The Semi-Hidden Staircase

I hate haunted houses. I’m talking the real ones: houses no one lives in anymore, the kind they don’t offer ghost tours to, the ones so old and run down that even rats won’t live in them. They are the places locals talk about only after the pubs have closed, the tales never told to children and only mentioned when lights are bright and burning. It makes it harder to find out about them. It makes it harder to deal with them. And it also means that said places are going to be less comfortable than a 0-star motel run by Norman Bates.
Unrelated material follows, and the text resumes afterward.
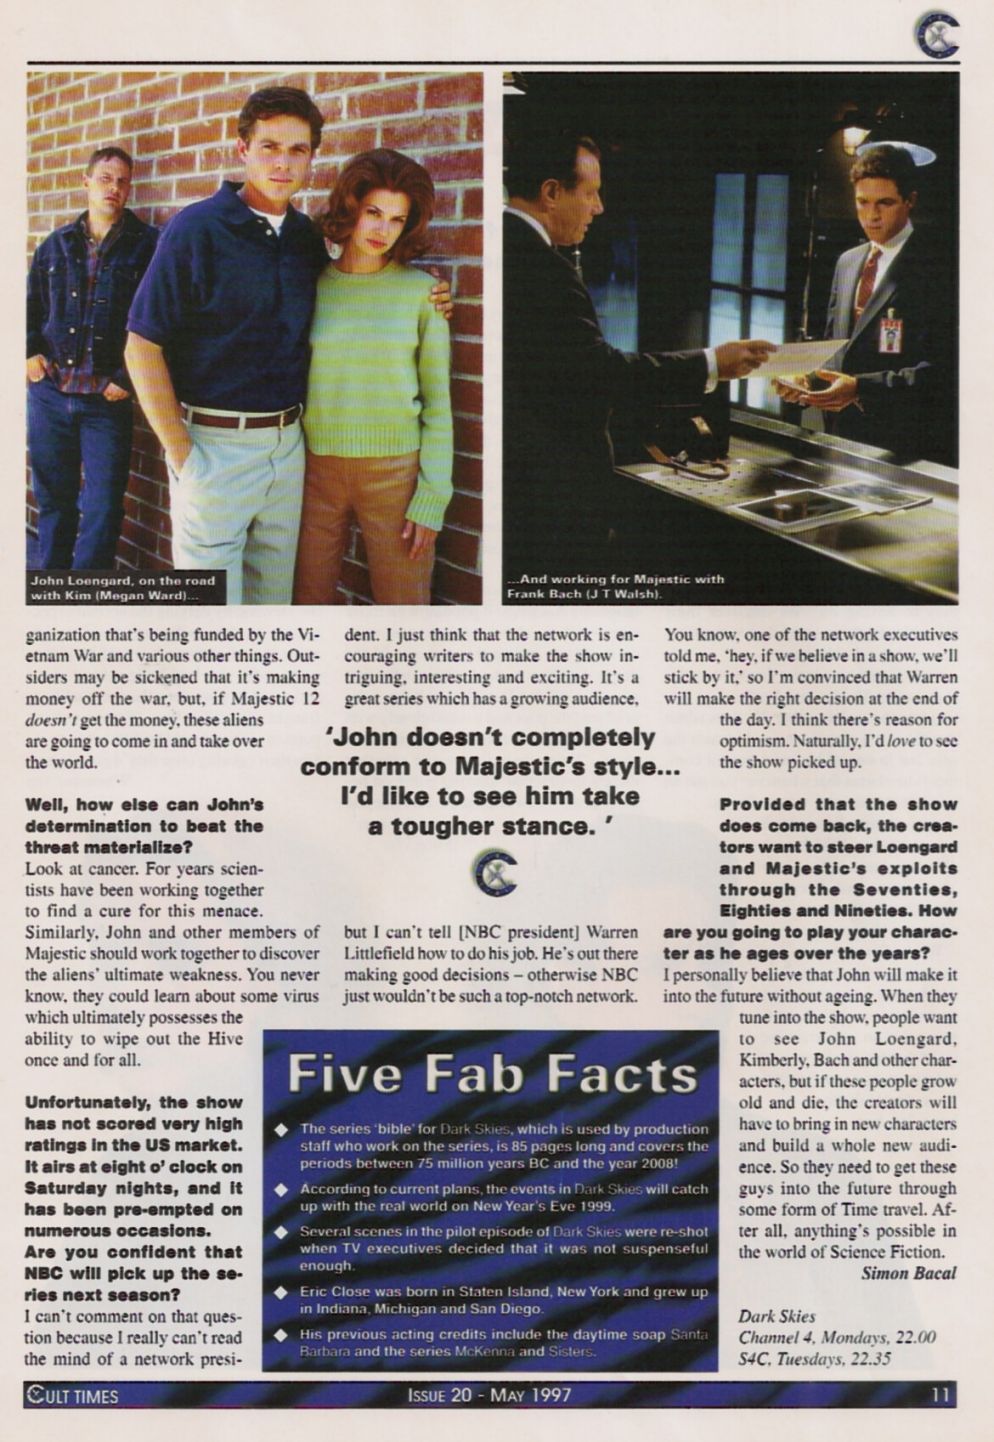 Cult Times #20 - May 1997 - Page 5
Keywords: ;dark_skies_media

Dyer had chatted with the locals in pubs while I’d broken into the towns records department for files. I’m trying not to think too hard about that division as I hop the fence around the property after the ghost. Obediah died in 1918, body thin and eaten away from the inside-out by sickness. Paler than death, with bones and veins standing out against flesh, a voice little more than a rasp and no hair at all – he looks like he should be dead or barely survived dying, and people talk to him, the way they talk to magicians, but without his using any magic at all. He’s also the only ghost I’ve run into that can be solid enough to fool most anyone into thinking he’s alive.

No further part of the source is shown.